Il Tirreno

Spettacoli

Lello Arena porta in scena a teatro la sua rilettura di “Aspettando Godot”

di Federica Lessi
Lello Arena porta in scena a teatro la sua rilettura di “Aspettando Godot”

Stasera appuntamento al De Filippo a Cecina con il fatalismo partenopeo

31 gennaio 2023
4 MINUTI DI LETTURA





CECINA. “Aspettando Godot” – di scena questa sera alle 21 al teatro De Filippo – prende la calata napoletana e il fatalismo della città partenopea, trasformando l’attesa nella speranza di un miracolo o di un fantomatico intervento risolutivo.

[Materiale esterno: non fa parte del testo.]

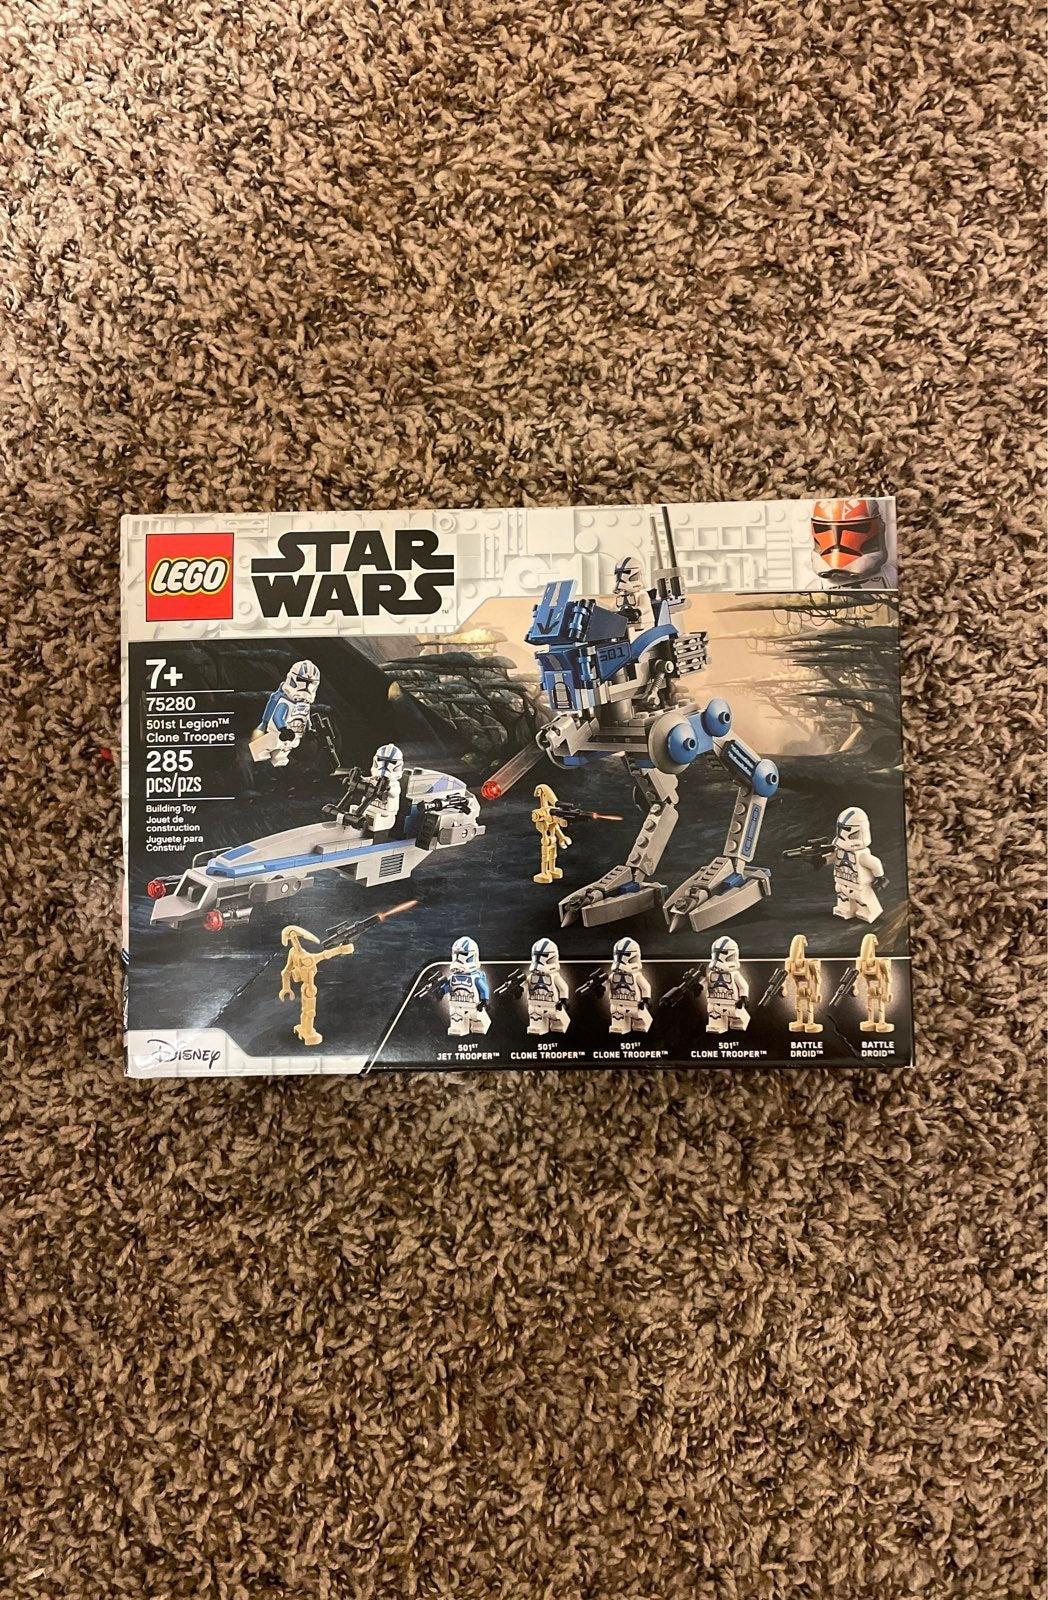 Lego Star Wars 501st Legion and Armored

Lo spettacolo tratto da Samuel Beckett e diretto da Massimo Andrei è interpretato dalla stesso regista e da Lello Arena, che sulla scena sono Estragone e Vladimiro, due vagabondi strampalati che passano il tempo aspettando il misterioso Godot. Arena porta nel suo personaggio la forza di una poderosa capacità attoriale e delle sue radici napoletane, che da “La Smorfia” negli anni Settanta caratterizza molti suoi personaggi, dall’arcangelo Gabriele, che piombava in scena esclamando “annunciaziò, annunciaziò” al re longobardo Alboino in “Bertoldo, Bertoldino e Cacasenno”, fino alle ultime apparizioni in tv.

Come nasce l’idea di questo allestimento?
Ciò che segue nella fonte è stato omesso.